Временное бывание сущего показывает абсолютную непригодность вещи как таковой. Временное бывание вещи делает ее вещью «на час», не важно, вещь ли это в себе или нет. И когда вся громада ненужных вещей, в совокупности образующих паноптикум мира, предстает честному взгляду созерцателя, то рождается глубокая тоска, как сказал бы Шестов, «нечеловеческое жуткое чувство тоски».
Как вынести эту тоску, как перенести ненужное и невозможное, как быть в том, что не предназначено для бытия, что предназначено только для уничтожения. Помогает это вынести лишь ожидание, в сердцевине которого, все же надежда, а значит и радость, и смысл и перспектива, чья абсолютность превышает всякие цели и действия, ограниченные кругом наличного бытия. В надежде – перспектива перспектив, но она возможна лишь в случае прозрения в тщетность наличных целей, исчезающих так же быстро, как лопнувшие пузыри, оставляющие после себя пустоту.
Только ожидание помогает нам вынести ужасное, абсурдное, невозможное и ненужное существование. Наше бытие – это бытие-ожидание, в противном случае оно просто было бы не возможно.
***
И, как говорит Н. Гартман в «Эстетике», что произведения искусства словно находятся в «ожидании» по ту сторону текущей духовной жизни, замерев в музеях и библиотеках, до тех пор, пока дух не призовет их к воскрешению («в «ожидании» появления адекватного духа»); и тогда наступает Возрождение, актуализация, «рождение заново», так и мы скажем, что человек до времени ожидает в глубине своего внутреннего потаенного «музея», существуя не как живой, реальный субъект истории, а в качестве некоего музейного экспоната, пока время не призовет его к духовной актуализации. Для искусства – это Ренессанс, для человека – Воскрешение.

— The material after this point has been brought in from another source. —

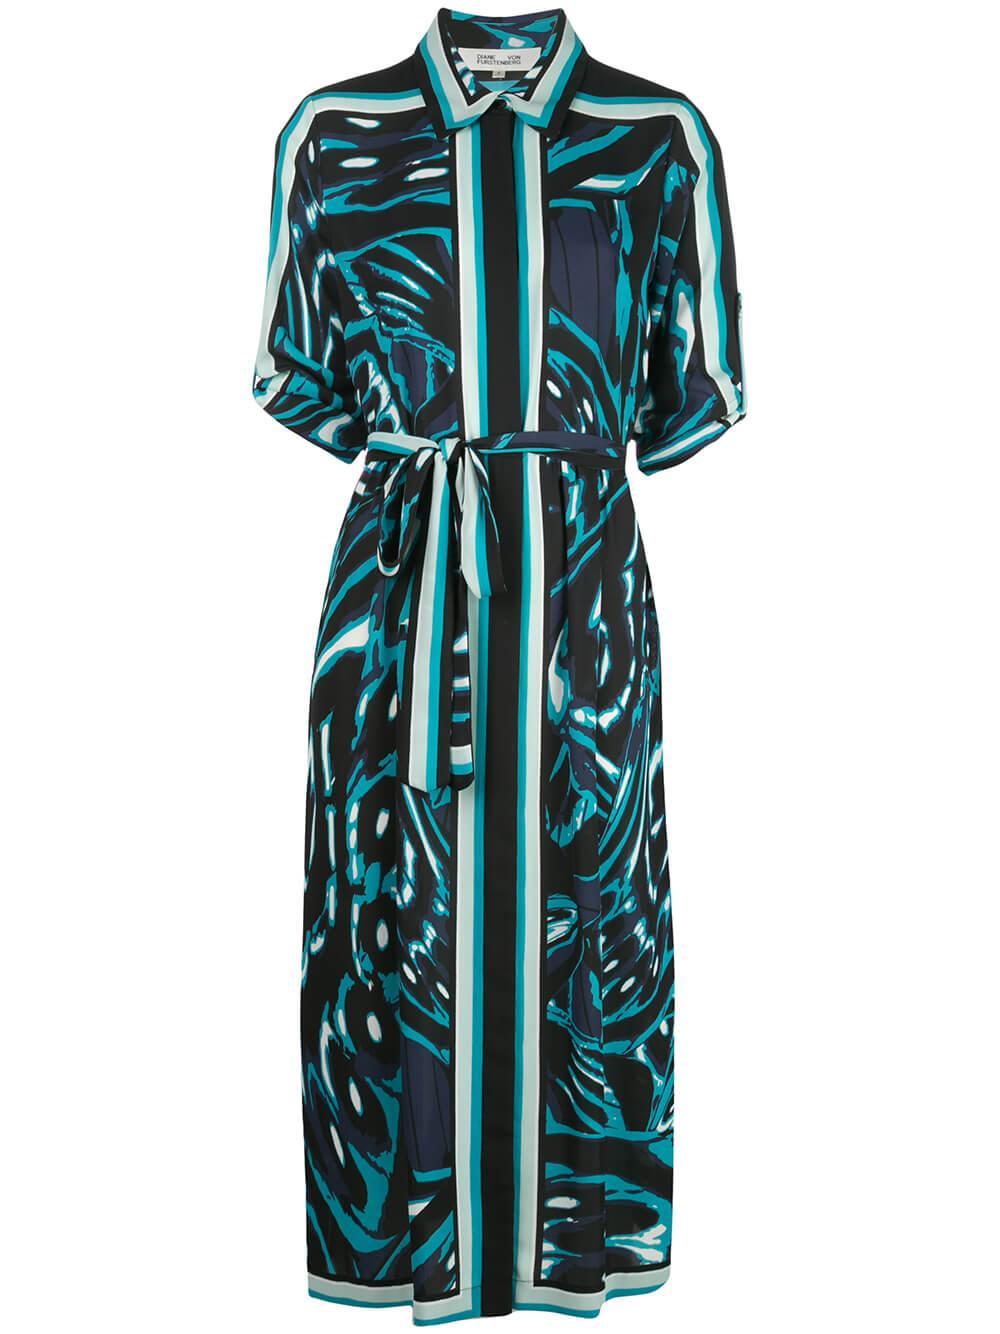 Sogol Belted Midi Dress Item # 13886DVF

И как произведение искусства ожидает своего часа, чтобы воскреснуть в истории и культуре, так и человек ожидает своей Пасхи, чтобы воскреснуть в Вечности.
Вот почему применительно к наличному состоянию жизни нельзя говорить «полная», «полноценная» жизнь. Это романтическая иллюзия – плод онтологического утопизма, вернее онтологической нечувствительности к наличной действительности, в которой только ожидание, а значит предвосхищение полноты, но никогда не полнота. Достижение полноты в наличном равно смерти, в наличном мы не можем вместить всей полноты бытия, которая есть полнота Вечности; лишь ощущение, предвосхищение, томительное, напряженное, сладостное или тревожное, но всегда ожидание, и всегда ожидание именно полноты.
В качестве «музейных экспонатов», как бы замирая, усыхая до времени, сохраняясь в таком неполном, законсервированном виде, в виде зерна, мы и существуем, тем самым и спасаемся от страшной полноты Вечности, которая просто-напросто уничтожит нашу жалкую конечность. Но ничего кроме полноты мы и не ждем, все остальное не имеет влекущей силы, витального стремления и побуждения. Только Вечная полнота бытия, которая всегда только грядет, которая всегда из будущего смотрит на нас своими радостно-нерадостными очами, только эта грядущая полнота и есть наша недостижимая цель, которой одной сохраняется и наполняется смыслом наше наличное существование.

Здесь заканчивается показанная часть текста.